The future needs less aggression. Achieving that will require us to gain better control of our own adrenal responses. This will be difficult. Evolution has sculpted us to be on alert at all times. The parasympathetic nervous system has scant resources for slowing adrenal responses once they get started. This explains shocking events like what happened in the Browns-Steelers game last night (Thursday, November 14, 2019).

Myles Garrett

A tussle started near the end of the game. Myles Garrett ripped off Mason’s Rudolph’s helmet and hit him in the head with it. Rudolph was unhurt, but the result could have been different. The blow could have been fatal.
Does this mean Myles Garrett is a bad person? Listen to him talk and he seems like the opposite of a bad person. But he plays a game that requires lots of adrenaline. It can be hard to turn off the aggression once the whistle blows. This seems obvious, so what interests me more is the commentaries surrounding this event, especially some of the statements made about the generalized brawl that followed the helmet swing. For instance…

What Skip Bayless said

Skip Bayless debates sports issues with Shannon Sharpe on FS1’s Undisputed program each morning. I like Skip. He and I share a love for the Dallas Cowboys and the San Antonio Spurs. Skip is also a Christian. I am not a Christian. But I was still chagrined to hear him say that he understands the need teammates have to protect each other. I don’t understand that need. And I don’t understand why so many Christians make excuses for violence-escalation in such circumstances. Even I, as a non-believer, have great respect for the following New Testament verses…

Matthew 5:

38 You have heard it said, An eye for an eye, and a tooth for a tooth:

39 But I say you should resist not evil: but whosoever shall smite you on the right cheek, turn to him the other also.

40 And if any man will sue you, and take away your coat, let him have your cloak also.

43 You have heard it said that you should love your neighbor and hate your enemy.

44 But I say, Love your enemies, bless them that curse you, do good to them that hate you, and pray for them which despitefully use you, and persecute you;

41 And whosoever shall compel you to go a mile, go with him twain.

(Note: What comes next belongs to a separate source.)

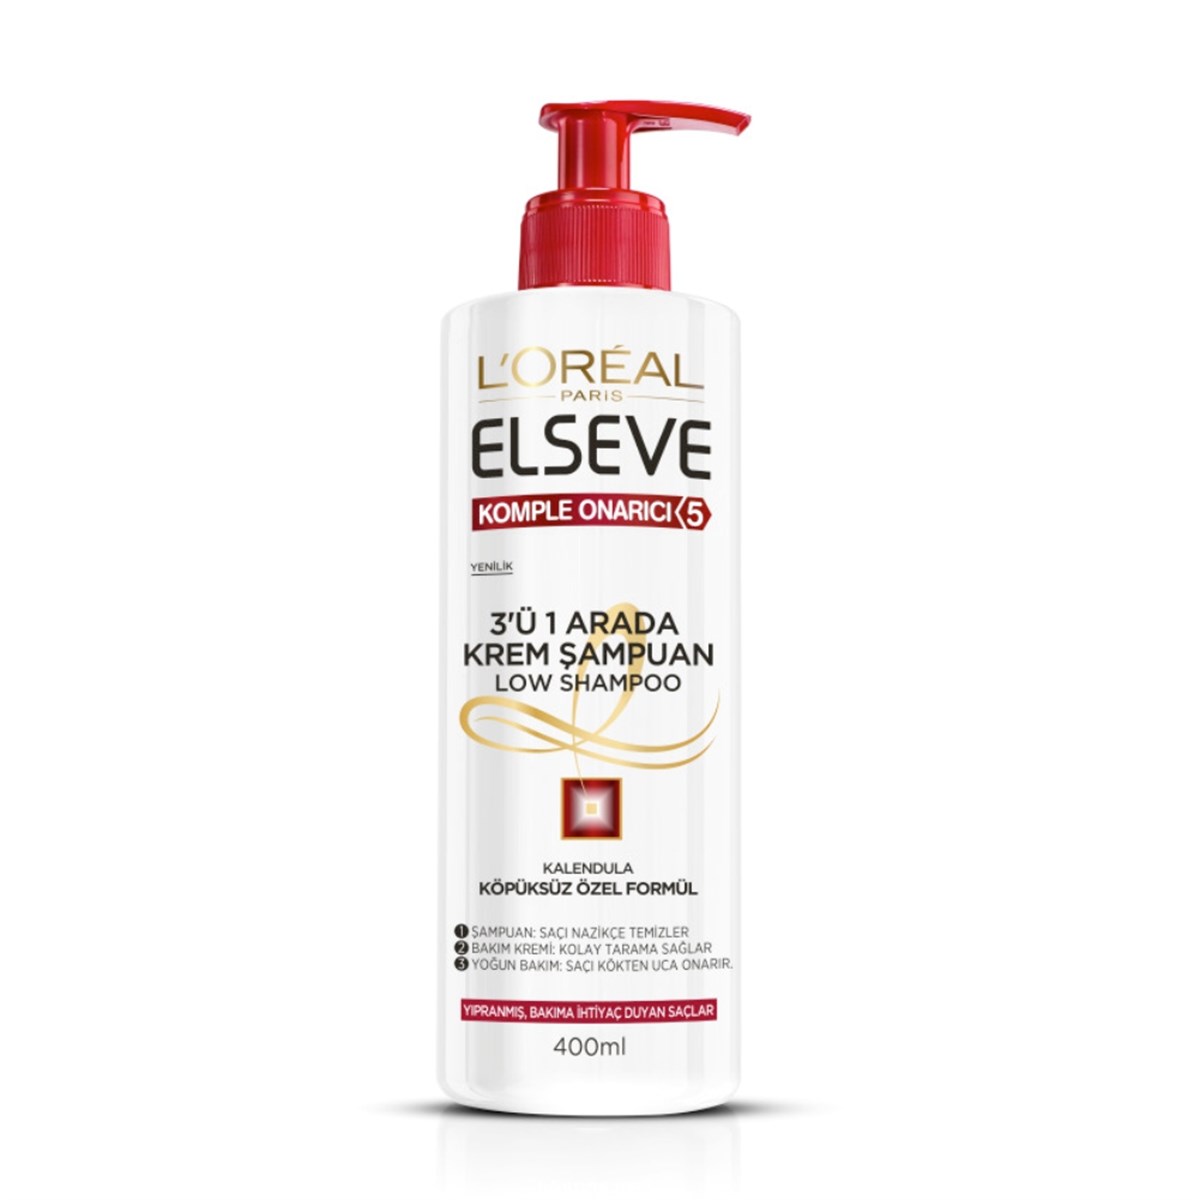 Elseve 3'ü 1 Arada Krem Şampuan Komple Onarıcı 5 400 ml - Platin

I think Skip Bayless should have made reference to these ideas in his commentary. NOT because we should all be pacifists, and never defend ourselves, but because we should all focus on de-escalation at all times, leaving violent self-defense as an absolute last resort. Back away when a punch is thrown. Don’t start World War One when Archduke Ferdinand is assassinated. Try to still the roiling waters. This is the proper approach for Christians, atheists, over-heated football players, voters, and politicians too.

Blessed are those who de-escalate violence. This is what the future needs.